■ **Task requirements**: Reproduce only this stretch of the listing below: from the line with "джинсы KSUBI халат" through the line with "CHARLET Wayfarer Sunglasses", exactly as written, with pictures excluded.

■ **Given data**:
━━━━━━━━━━━━━━━━━━━━━━━━━━━━━━

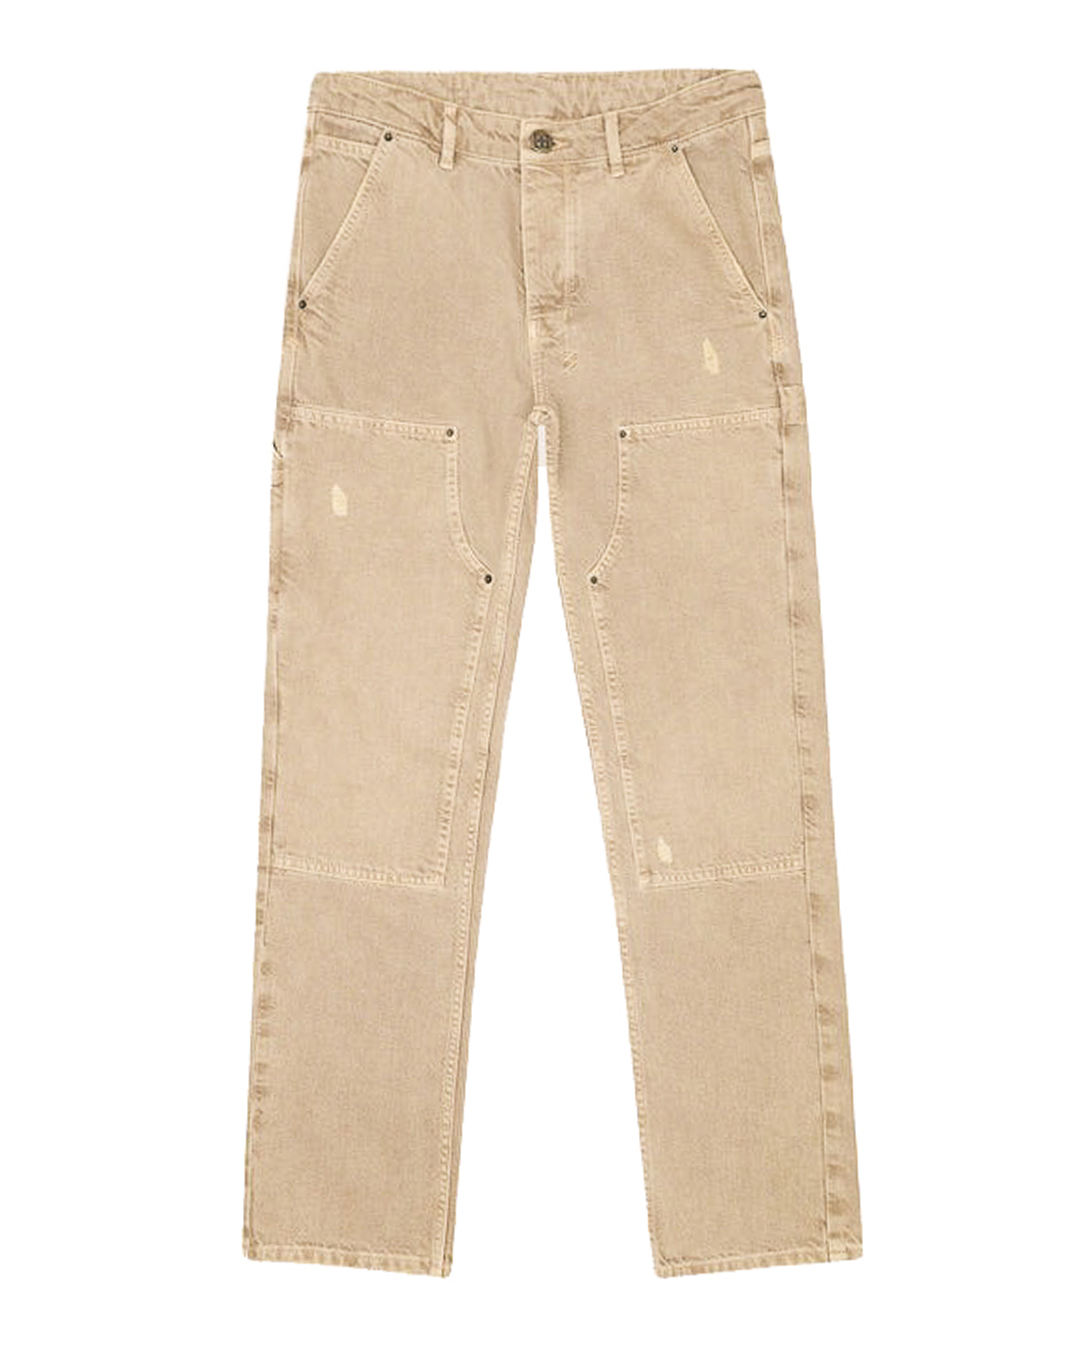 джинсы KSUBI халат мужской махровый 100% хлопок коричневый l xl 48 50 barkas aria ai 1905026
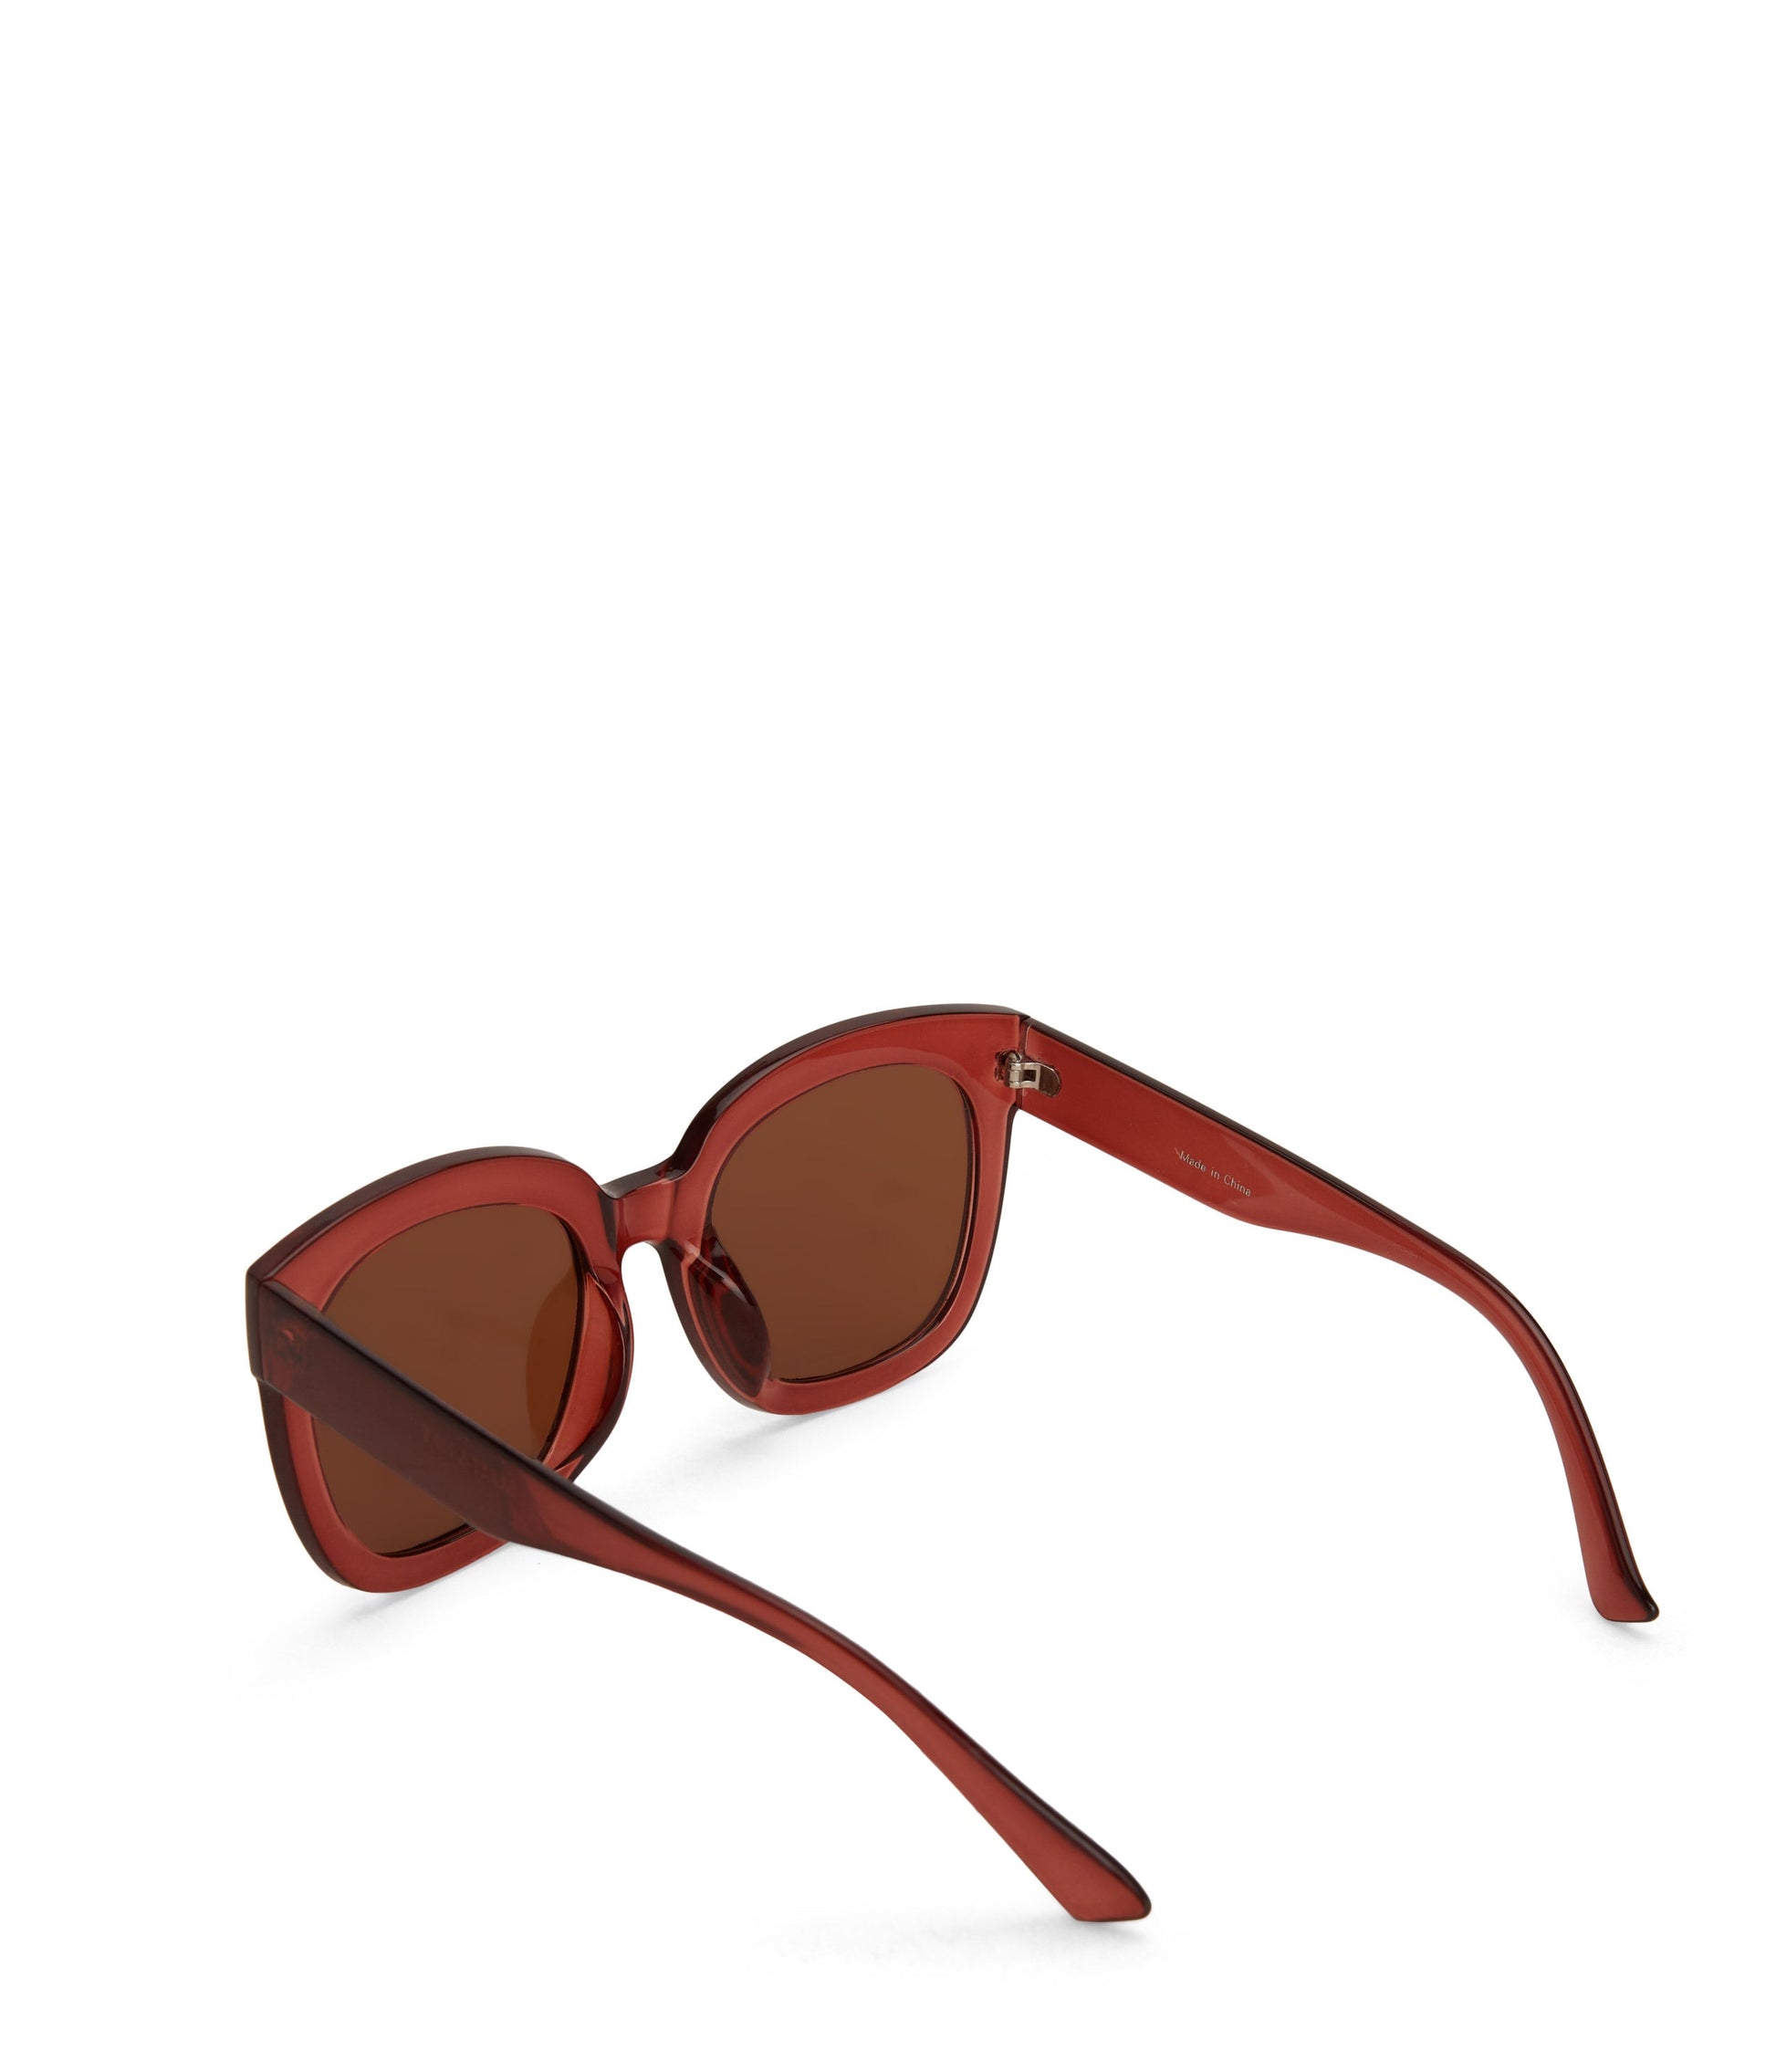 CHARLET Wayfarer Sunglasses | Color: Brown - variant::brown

━━━━━━━━━━━━━━━━━━━━━━━━━━━━━━

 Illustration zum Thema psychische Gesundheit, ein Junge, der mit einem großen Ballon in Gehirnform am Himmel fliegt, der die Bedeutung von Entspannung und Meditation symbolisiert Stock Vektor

━━━━━━━━━━━━━━━━━━━━━━━━━━━━━━

■ **Response box**:
 джинсы KSUBI халат мужской махровый 100% хлопок коричневый l xl 48 50 barkas aria ai 1905026
 CHARLET Wayfarer Sunglasses | Color: Brown - variant::brown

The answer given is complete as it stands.